Pero volvamos al 8 de marzo. Mi maltrecha rodilla me impidió unirme a la manifestación donde mis compañeras tribaleras reivindicaron y festejaron a golpe de crótalo, envueltas en el maravilloso vuelo de sus faldas y apoyadas por la energía imparable de una batucada. Hacía un frío considerable y un cielo poblado de negros nubarrones se cernía sobre su danza. Olé por ellas. Yo no pude bailar ni reivindicar ni festejar al ritmo de percusión alguna; no habría podido ni hacer el trayecto andando. Confío en que consiga estirar con más eficacia este chicle mío en próximas convocatorias. No voy a hablar, pues, de manifestaciones, de entusiasmo colectivo ni de disensiones, de trayectorias divergentes ni de pancartas con consignas encontradas. Lo que me dispongo a contar me sucedió en un punto del ámbito reducido en el que por prescripción médica me muevo desde hace una semana: el supermercado de enfrente de mi casa. Es un lugar donde se aprende mucho. No es necesario ir muy lejos para tener experiencias esclarecedoras. 

Estaba yo la mañana del 8 de marzo detenida en la sección de frutería cuando oí una voz masculina que pronunciaba un mensaje sorprendente: 

—No, no me llames Ángel, ahora soy Ángela. Nada de Ángel, que ya no me identifico. 
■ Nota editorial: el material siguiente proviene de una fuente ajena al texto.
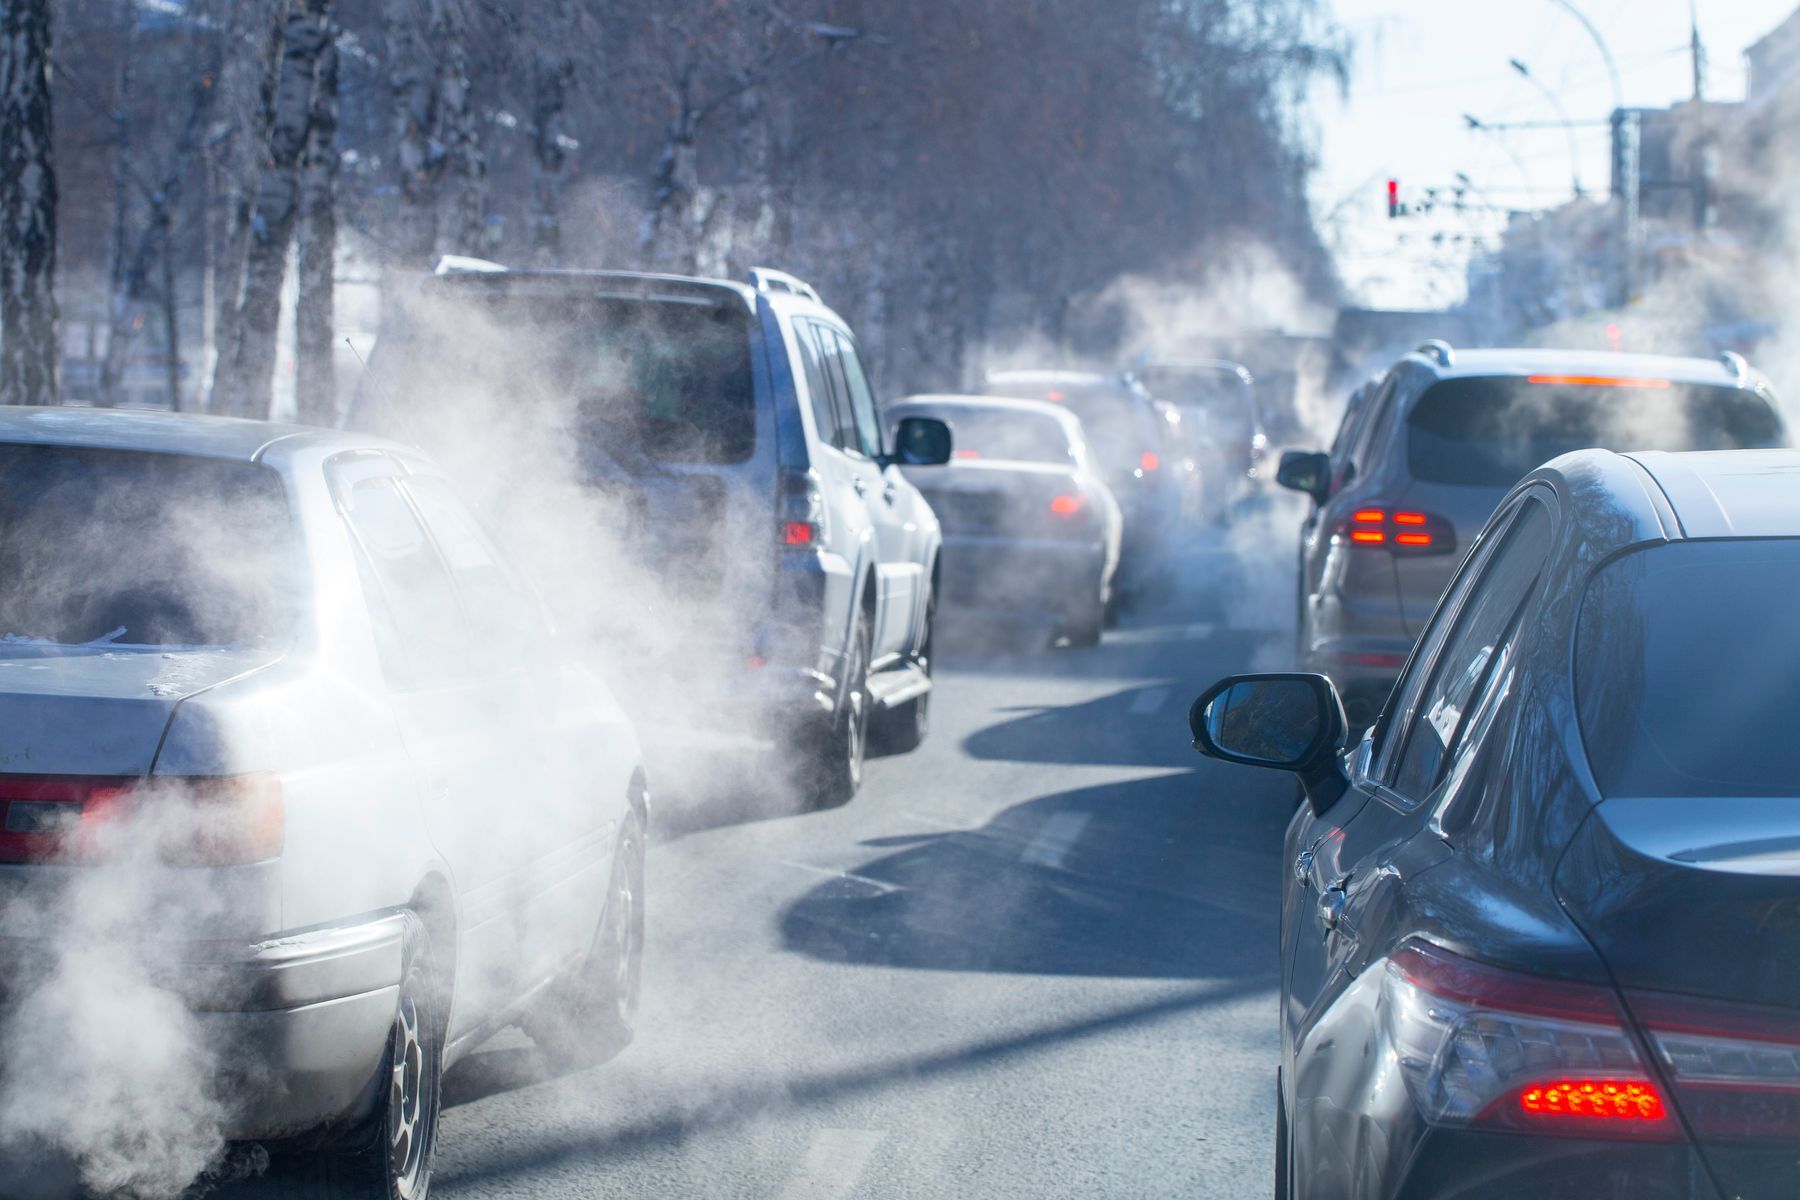 <p>Pollution caused by driving a car (<a href="https://www.bbc.com/news/science-environment-49349566">about 170 g of CO<sub>2</sub> per kilometre, per passenger</a> and even more when a <a href="https://www.nrcan.gc.ca/energy/efficiency/communities-infrastructure/transportation/cars-light-trucks/idling/4415?_gl=1*lsvyx7*_ga*ODE4NjkyODg0LjE2Njg0NTY5MTg.*_ga_C2N57Y7DX5*MTY2ODQ2MjMxNS4yLjEuMTY2ODQ2MjQ3MC4wLjAuMA..">vehicle is stopped in traffic</a>) might make you think that <a href="https://hbr.org/2022/03/is-remote-work-actually-better-for-the-environment">telecommuting</a> would substantially reduce our carbon footprint. However, the accompanying increase in the use of digital communication tools also comes with an ecological footprint (one minute of <a href="https://news.mit.edu/2021/how-to-reduce-environmental-impact-next-virtual-meeting-0304">videoconferencing</a> is equivalent to about 16 g of CO<sub>2</sub>, for example). So, make sure you compare your travel (mode of transportation, time of day, duration of the trip, etc.) to your <a href="https://plana.earth/academy/how-to-measure-carbon-footprint-work-from-home">technology use</a>.</p>

Me volví, desconcertada. La voz provenía de la pescadería. Quien así había hablado era uno de los dependientes, que, de pie en su puesto elevado tras el mostrador con la mercancía, parecía ocupar una tribuna de orador. Un orador bastante chusco y muerto de risa. Una clienta lo secundaba. 

—Así es, así es —decía ella—. Ahora ya ni hombres ni mujeres. Dices que no te sientes identificado con lo que eres y ya está. 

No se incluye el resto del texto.